■ **Input data**

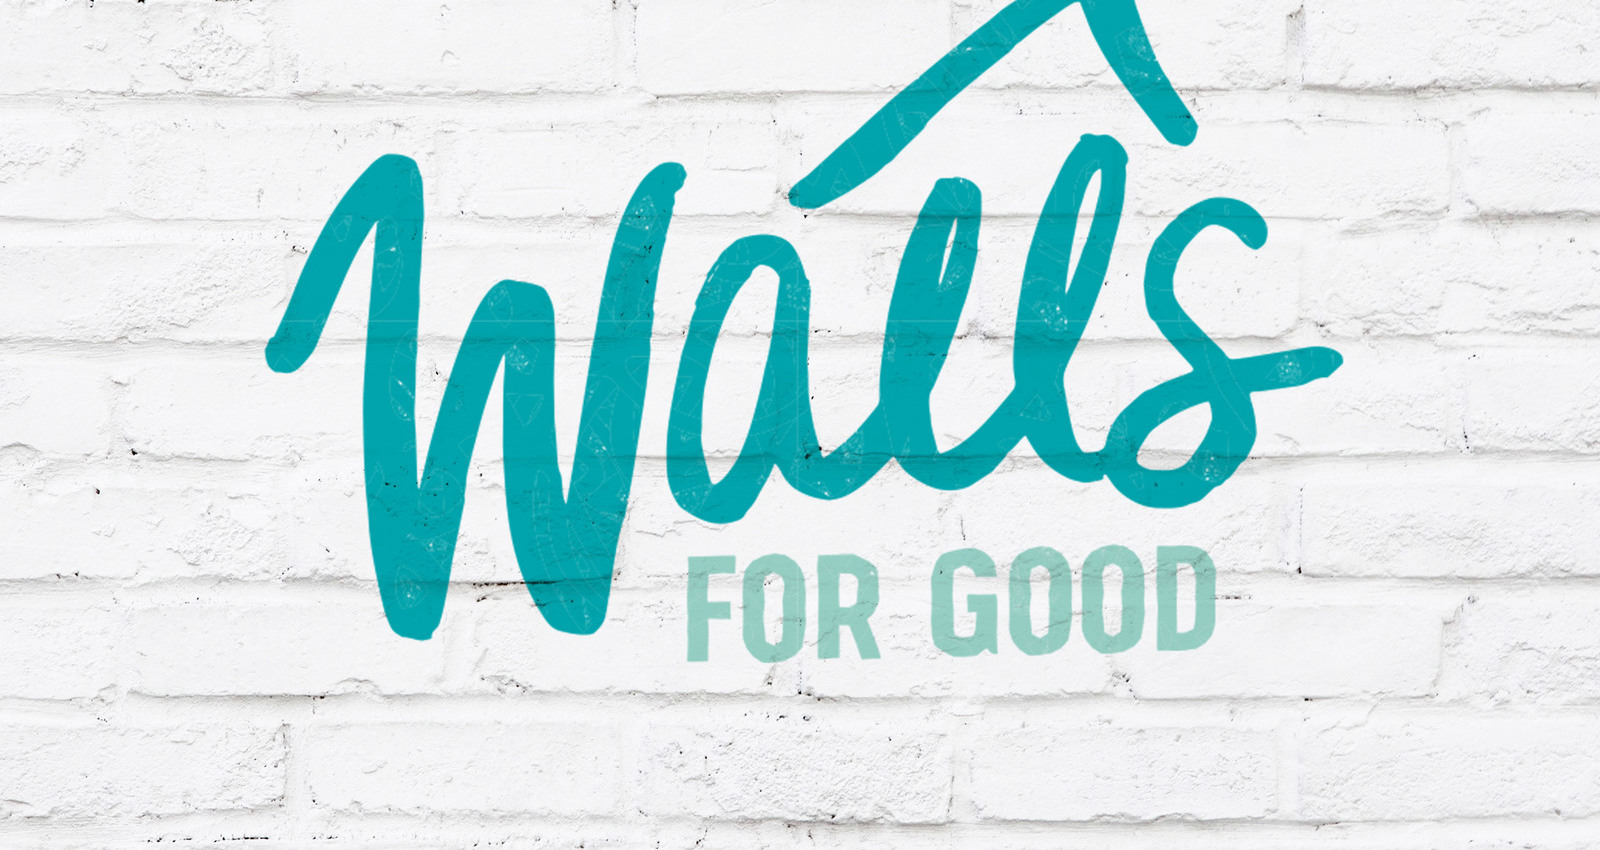 Walls for Good
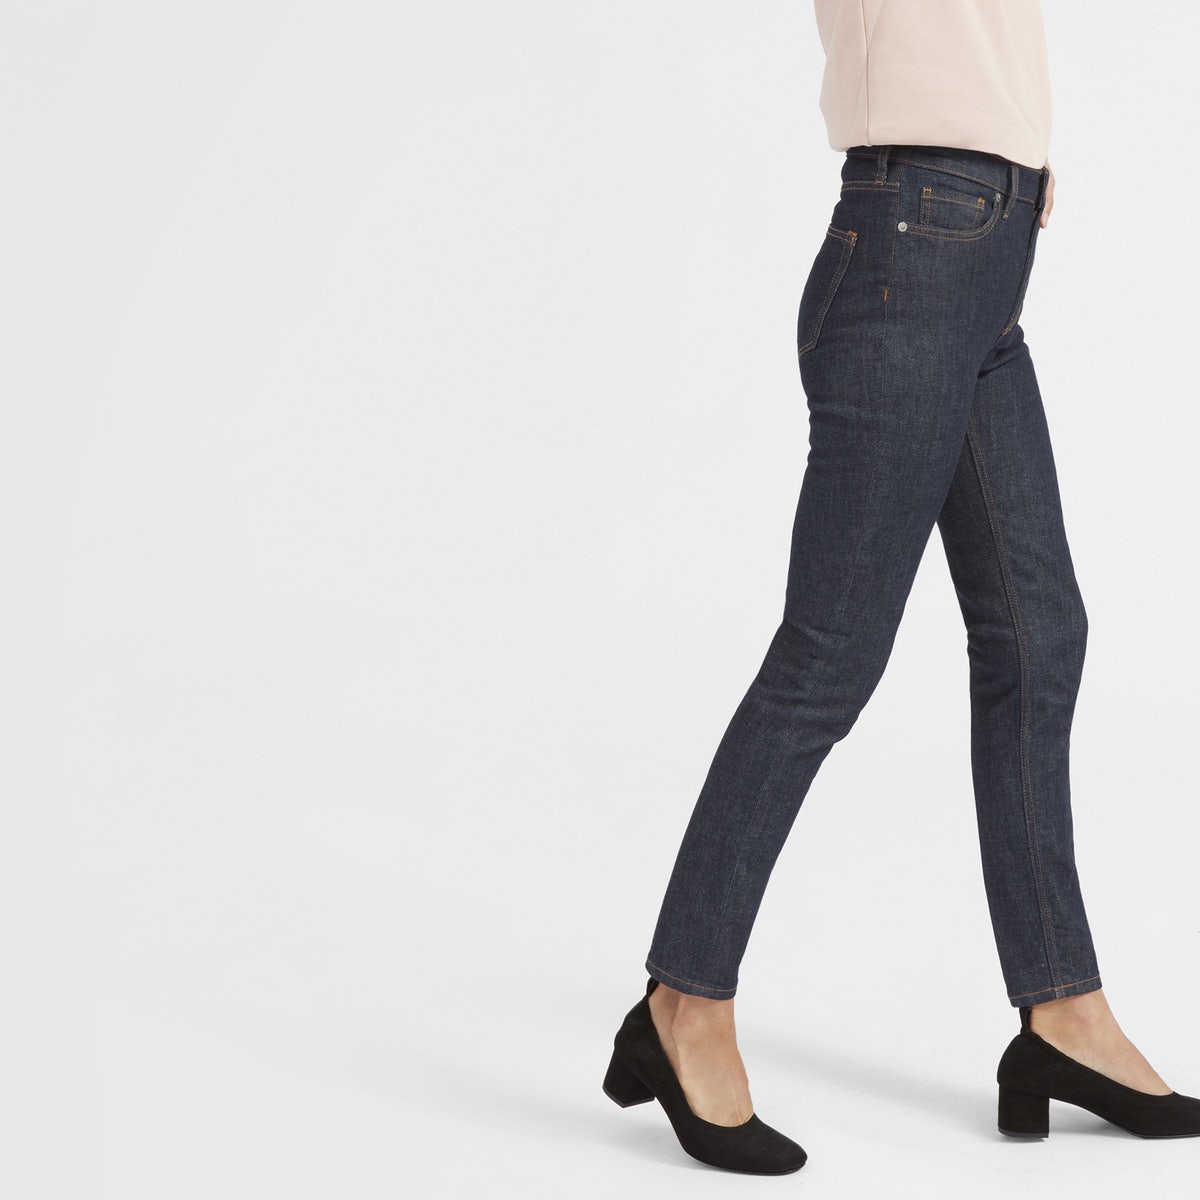 Everlane High Rise Skinny Jeans, as worn by a model.
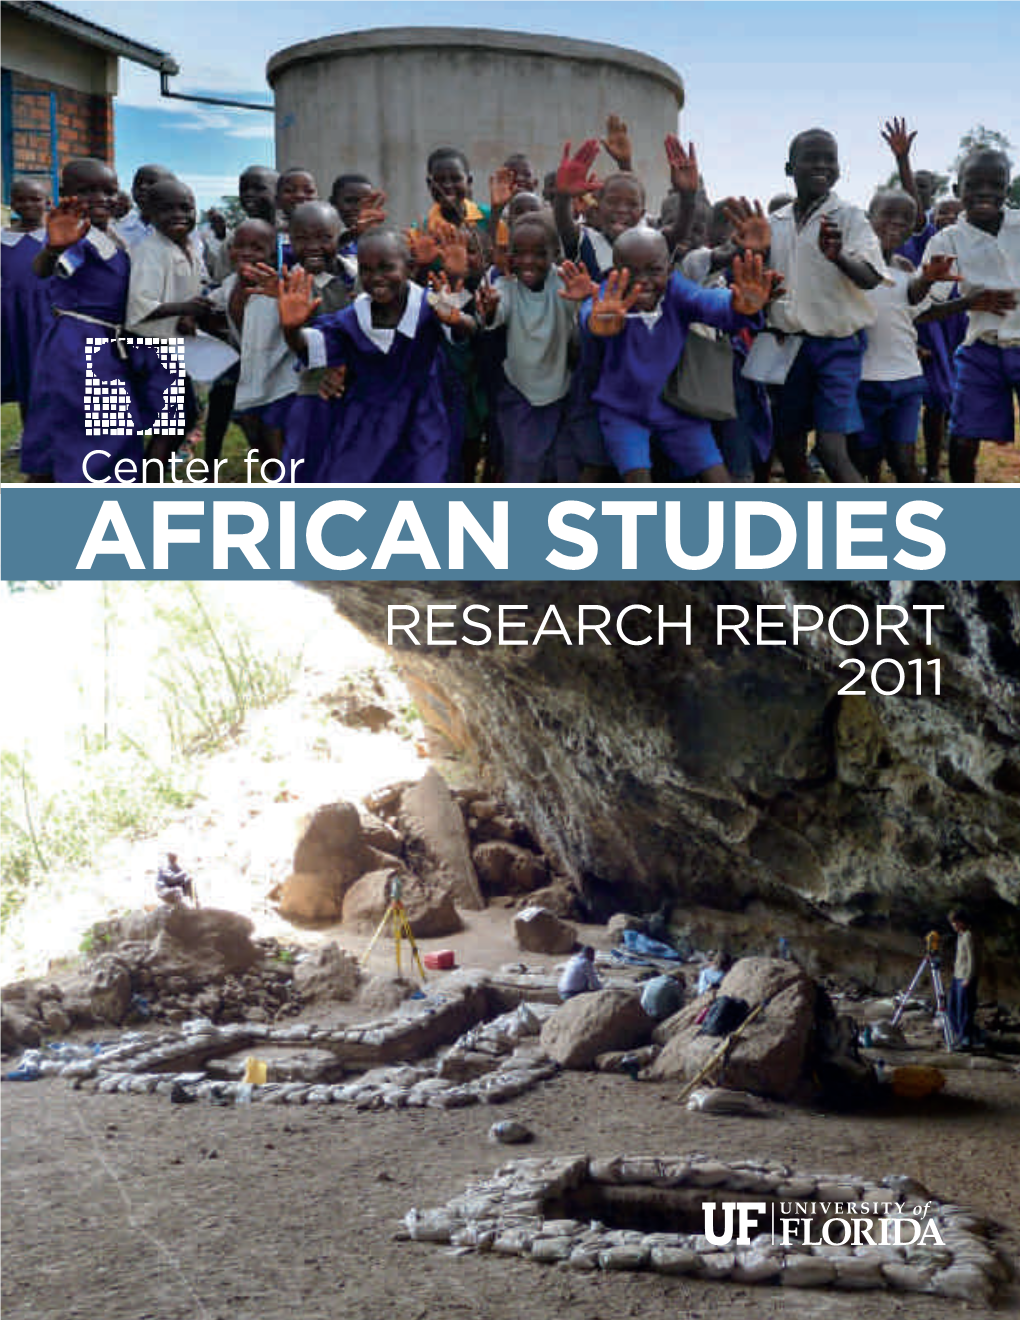 African Studies Research Report 2011 About the Center

■ **What is expected**
The material should be returned verbatim, with all images omitted.

■ **Response to the task**
 Walls for Good
 Everlane High Rise Skinny Jeans, as worn by a model.
 African Studies Research Report 2011 About the Center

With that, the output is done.